This thesis aimed to show that natural language processing can be used to improve 
the usefulness of military operational reporting. These results demonstrate a system of data 
mining and analysis from its theoretical foundations to a demonstration of its capability. 
This work addresses gaps in the current literature in that it integrates the work of document 
clustering, automatic text summarization, and practical visualization to address the military 
problem of unstructured data organization. From these results, one can see that clustering 
reports based on semantic similarity offers substantial advantages over current analytical 
procedures. Reports can automatically be processed and visualized in a way that reduces 
workload and captures meaningful relationships that would otherwise be extremely 
difficult to see; thus, improving military staff efficiency and analytics. However, these 
results describe more than a prototype. This is the foundation of a strategy for dealing with 


the rising complexities of unstructured data, which is a military-wide problem. 

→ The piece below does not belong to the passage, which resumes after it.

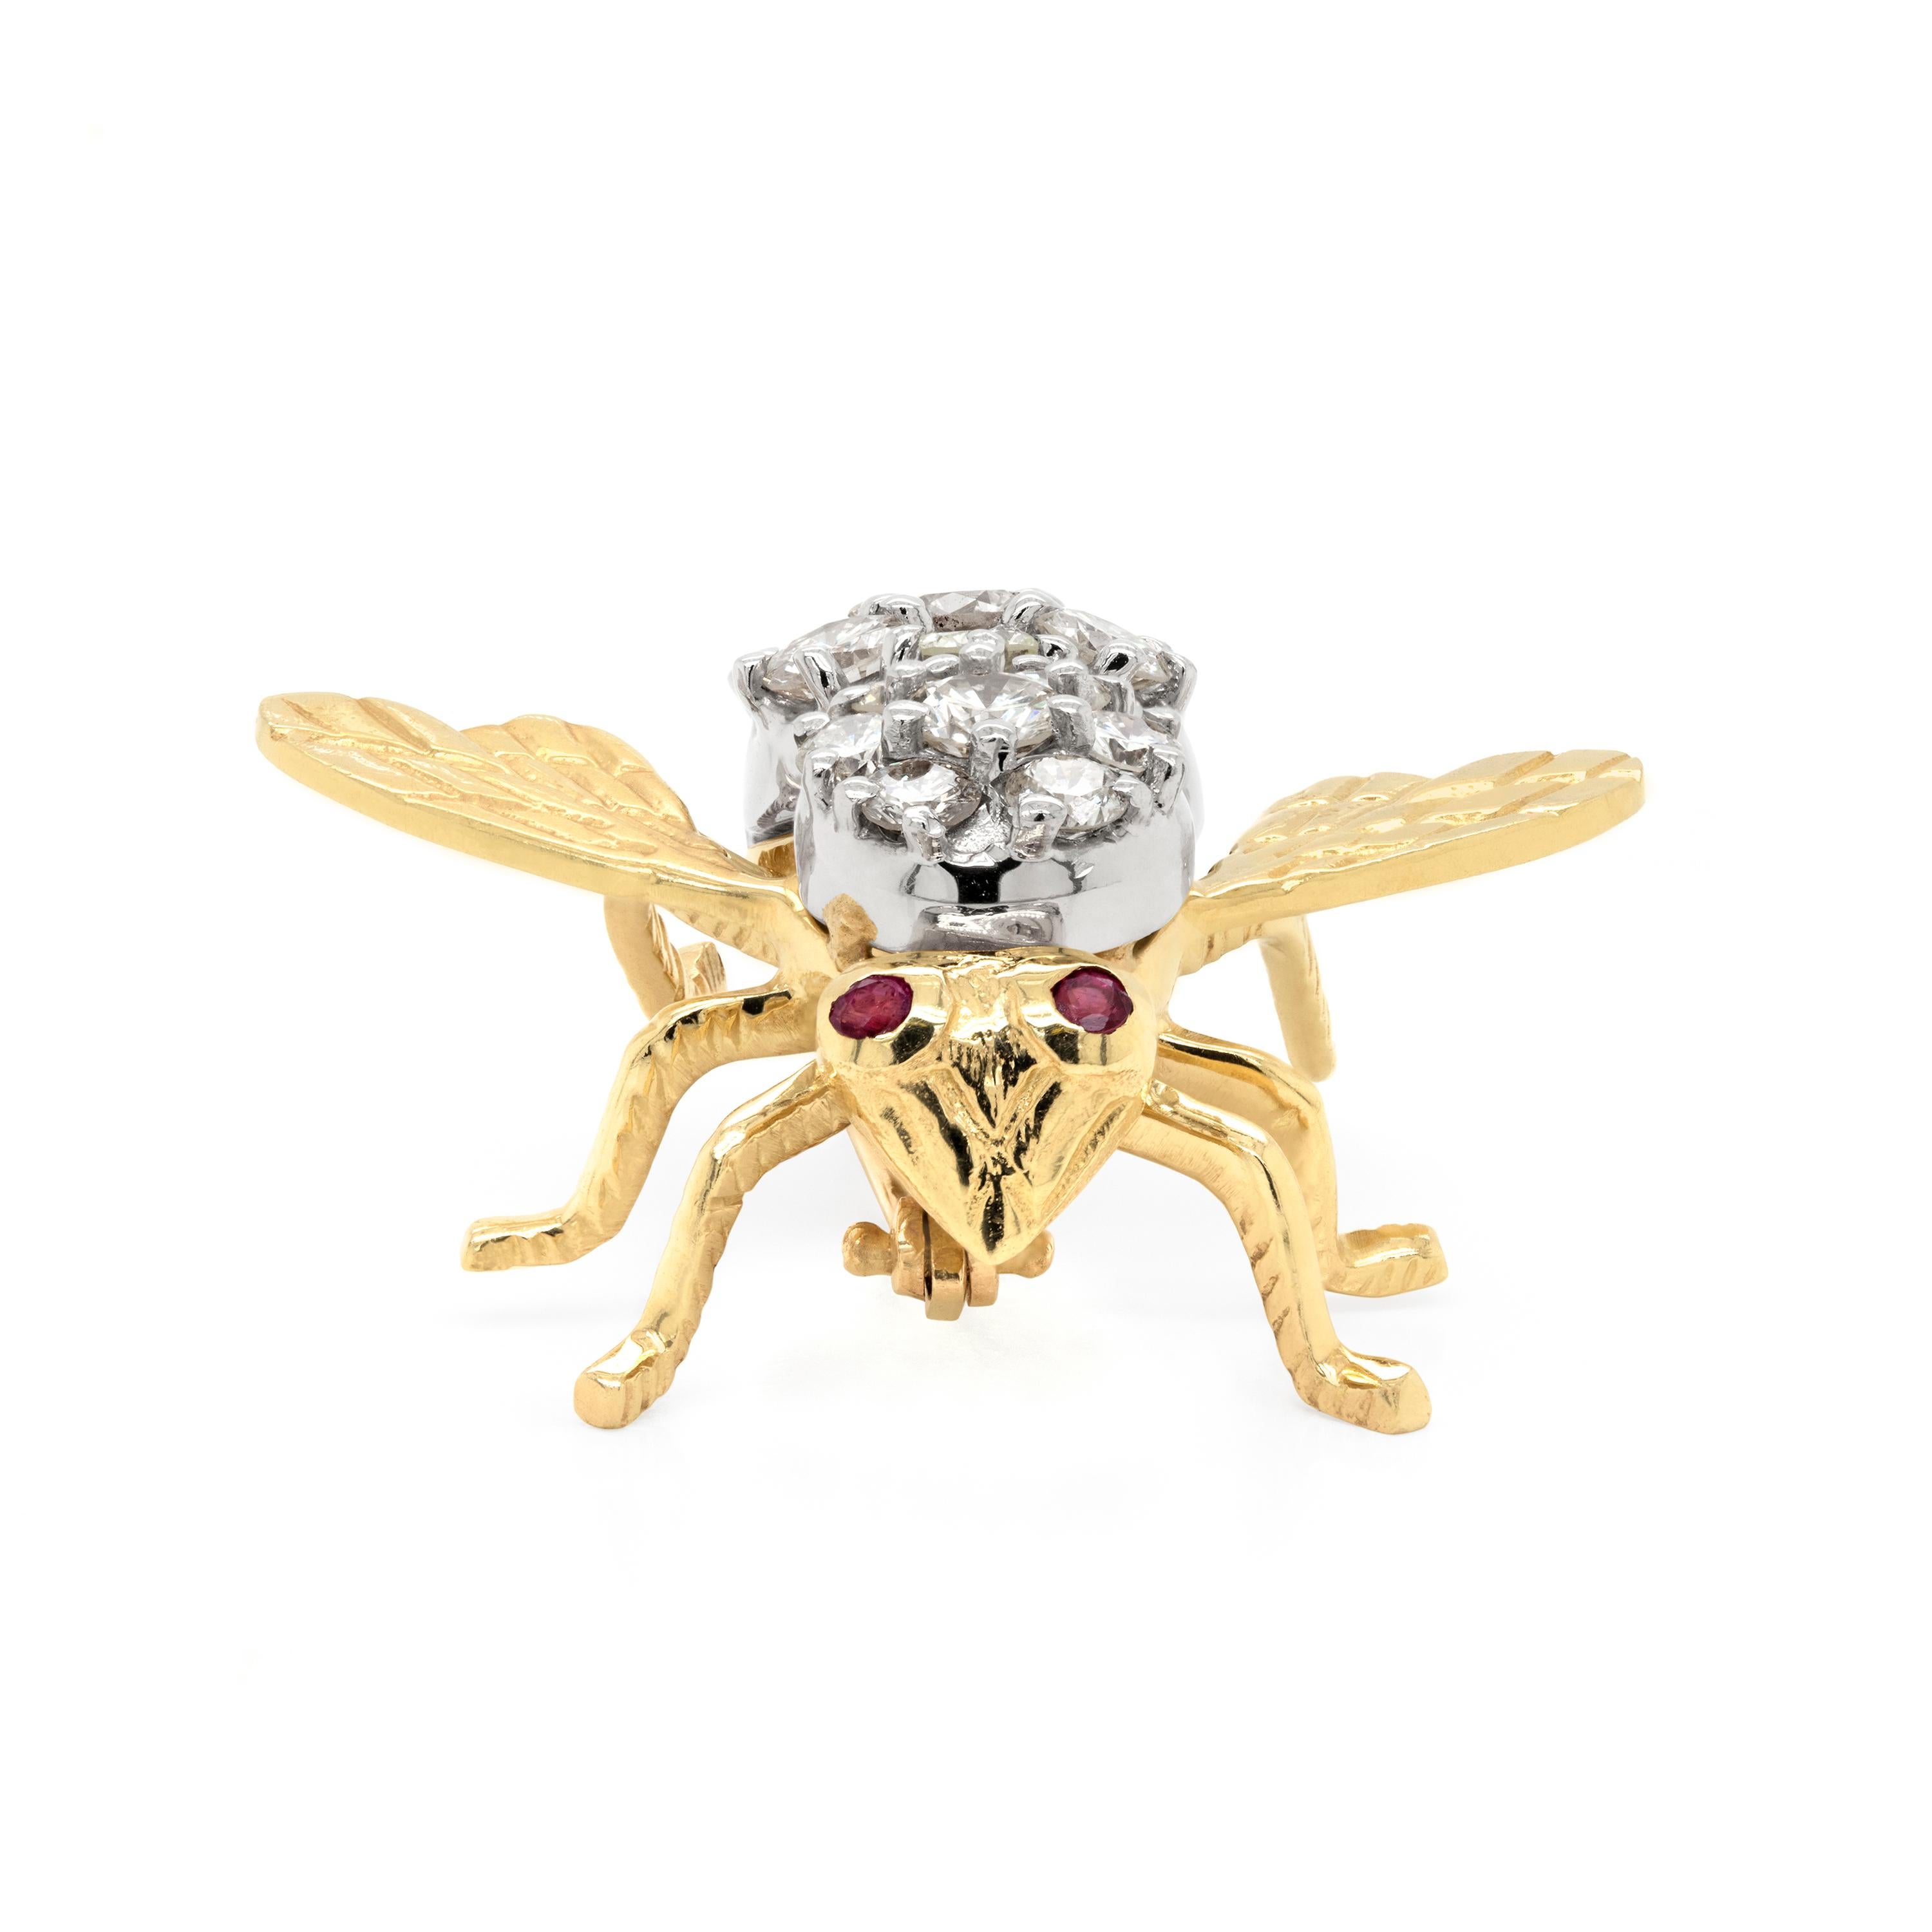 This charming brooch is inlaid with 19 round brilliant cut diamonds, all claw set inside the bug's body, totaling to an approximate weight of 2.00 carat. The bee is further set with two round cut rubies rub over set for its eyes. The upper part of

This work addresses the problem of unstructured data analysis on two levels. First 
it aimed to answer technical questions of unstructured information retrieval. These are 
represented by the theories, equations, and quantitative analysis in the previous chapters. 
Second, it hopes to take this concept further by illustrating a better methodology for 


unstructured information analysis. 


In addition to an illustration of a prototype, this work aims to provide an approach 
to unstructured data analysis that could be broadly accessible across the joint force. Future 
work could build on these results by implementing the latest cutting-edge measurement 
and summarization algorithms into this same methodology. Regardless of the technical 
inner-workings, the concept of document clustering and graph-based report analysis could 
be implemented into a new data analysis skillset across the force. This is the real prize—a 
fighting force capable of managing the volume and speed of information in modern 


warfare.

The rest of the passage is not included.